Requirement:
Retype the data that follows line by line, exactly, and leave its pictures out.

Given material:

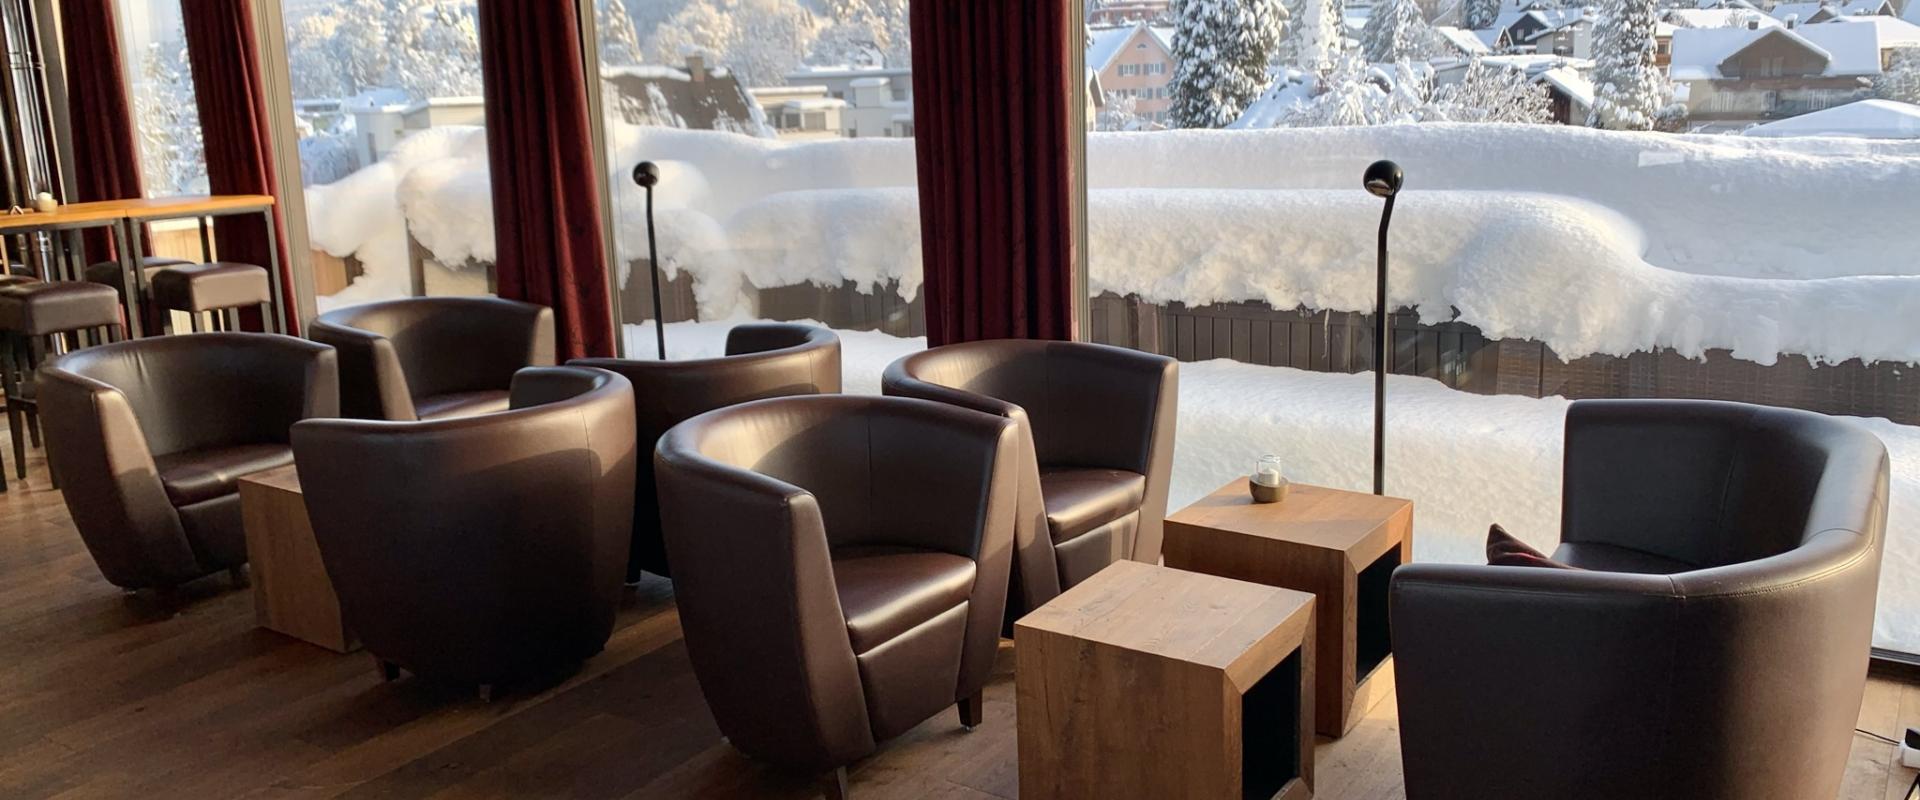 Lounge im Hotel Sonne im Winter
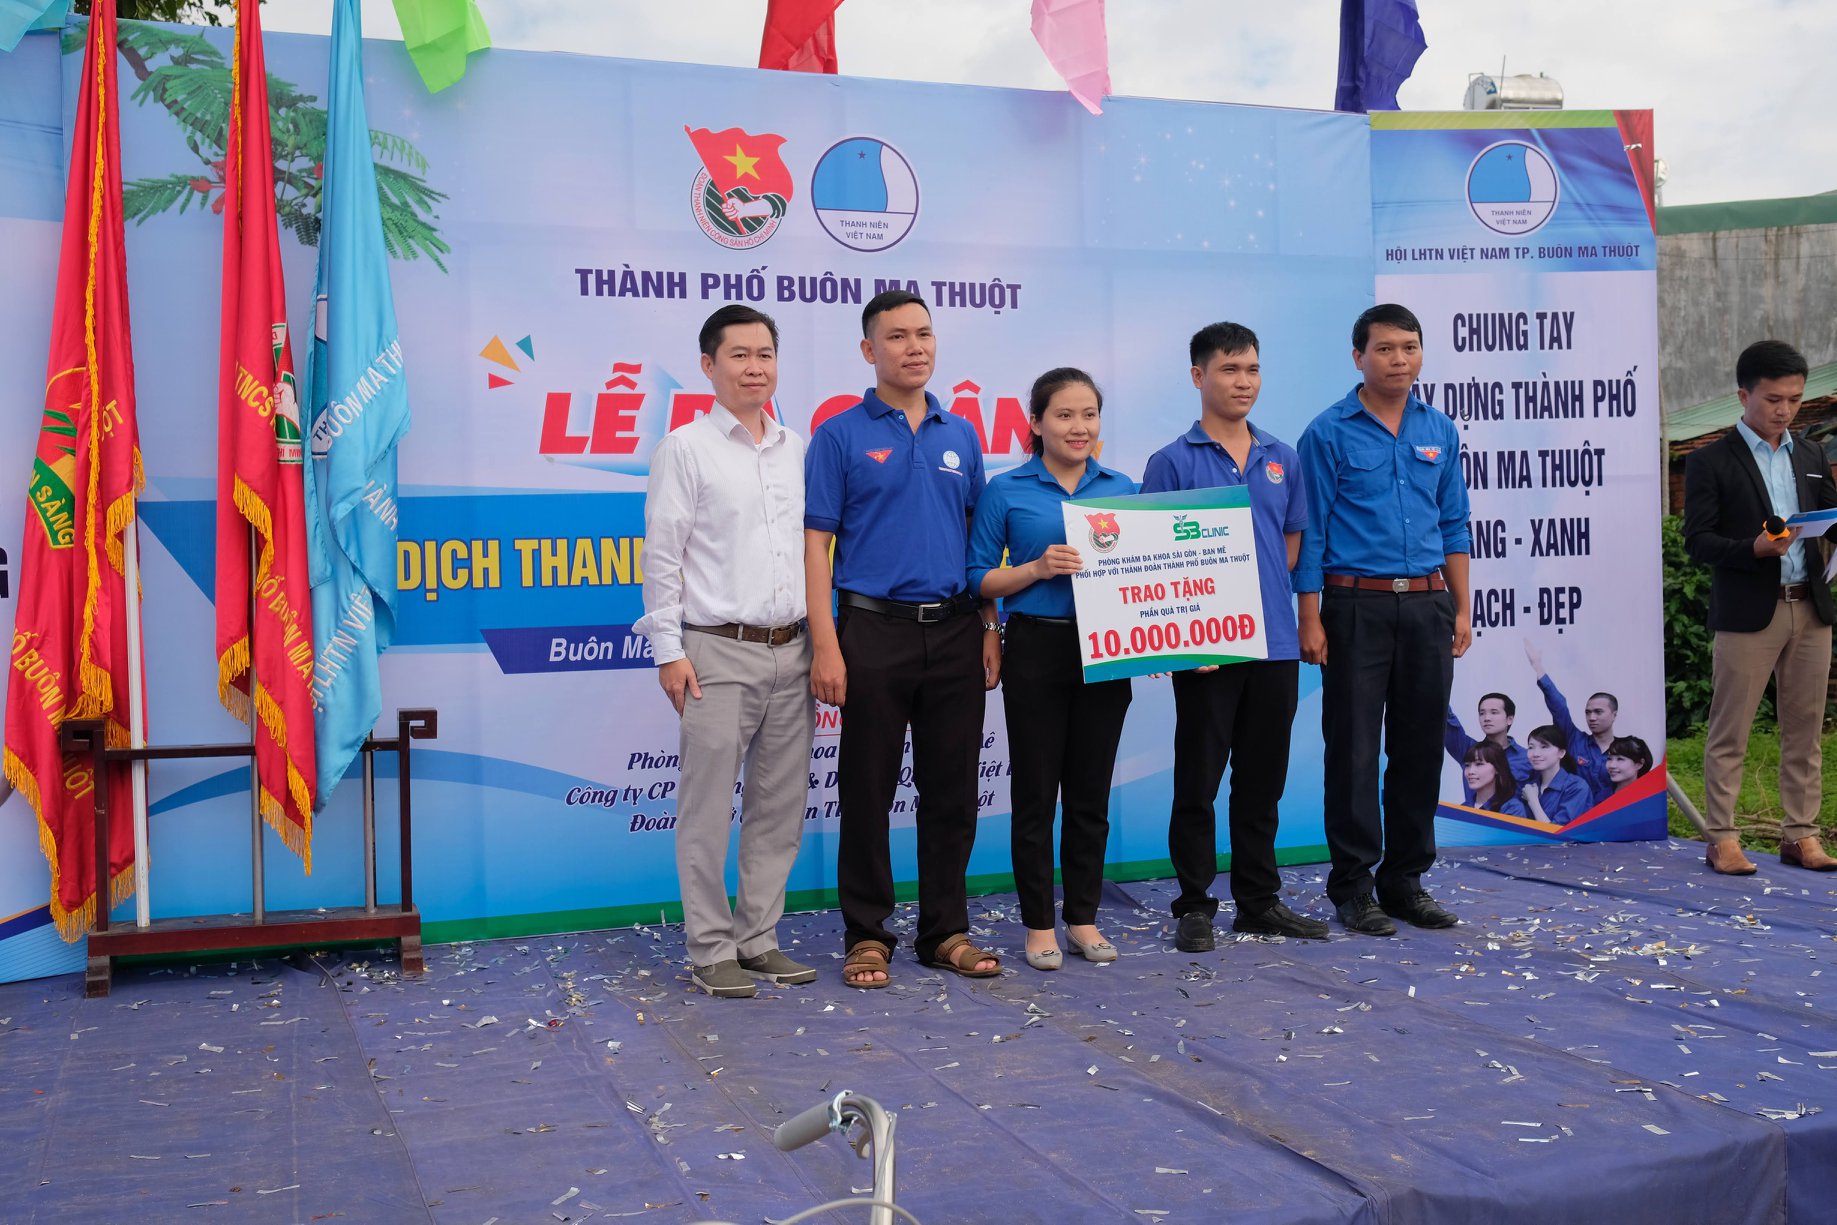 Sài Gòn - Ban Mê trao tặng xe đạp & phần quà 10 triệu đồng cho người dân khó khăn tại TP.BMT
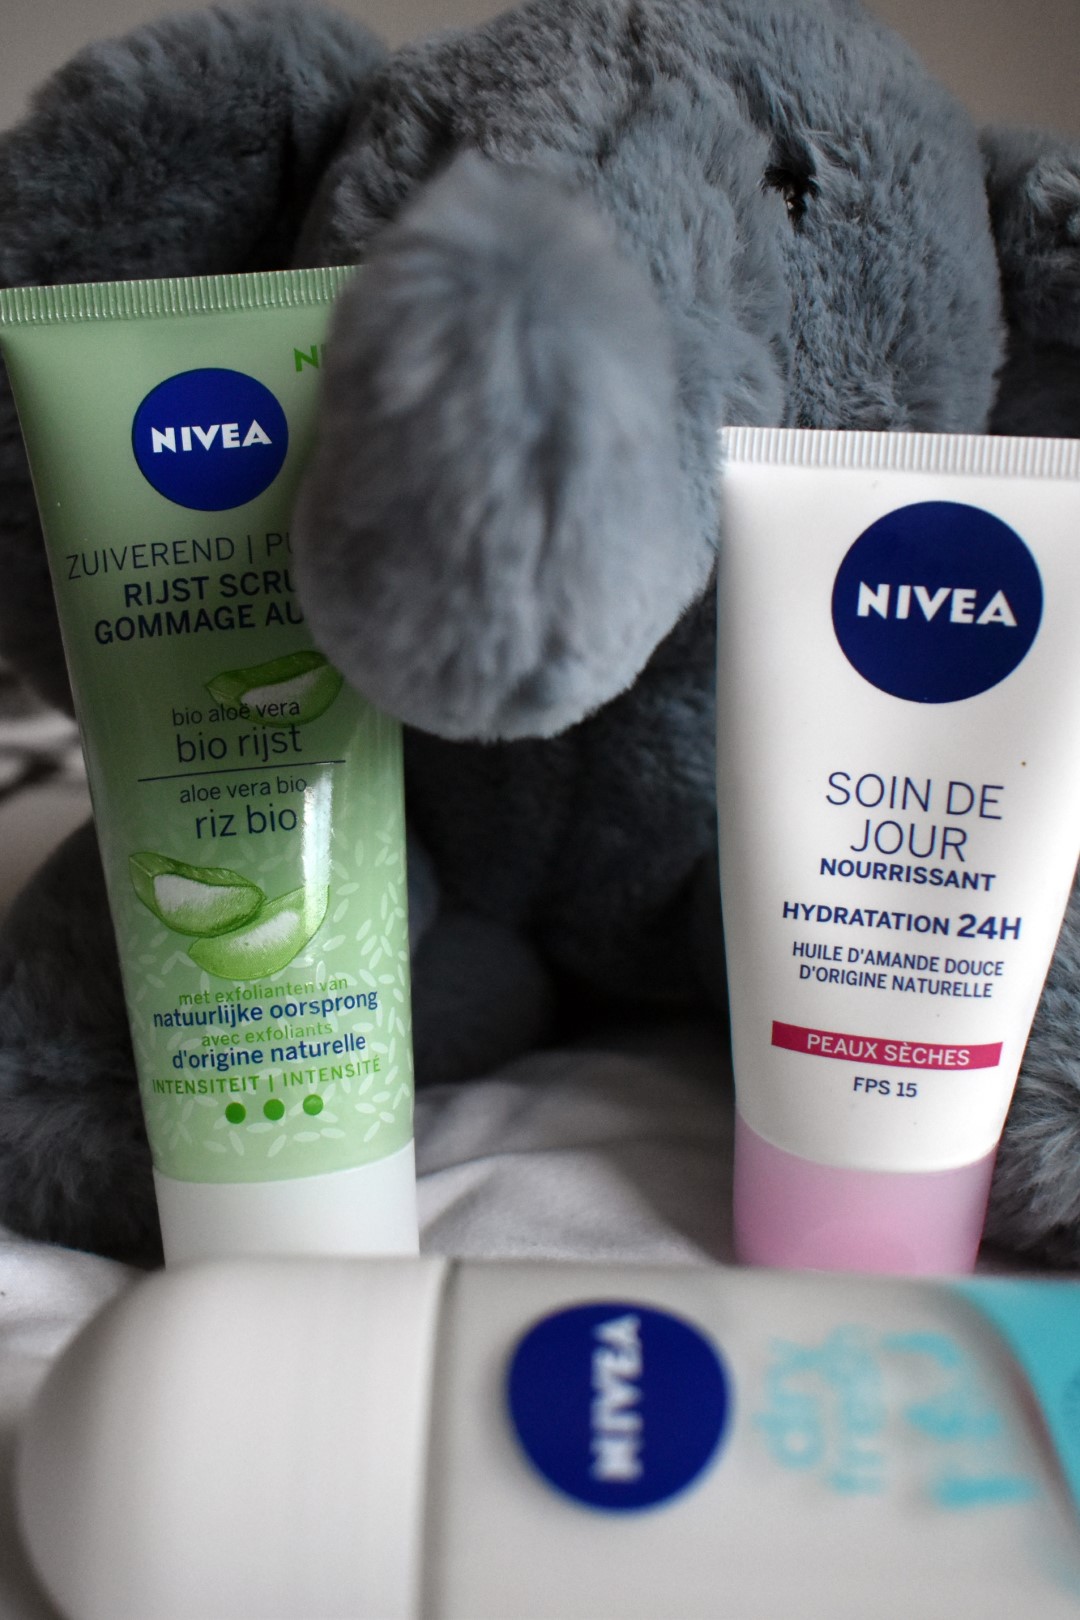 Nivéa face scrub and face cream

Response below:
 Lounge im Hotel Sonne im Winter
 Sài Gòn - Ban Mê trao tặng xe đạp & phần quà 10 triệu đồng cho người dân khó khăn tại TP.BMT
 Nivéa face scrub and face cream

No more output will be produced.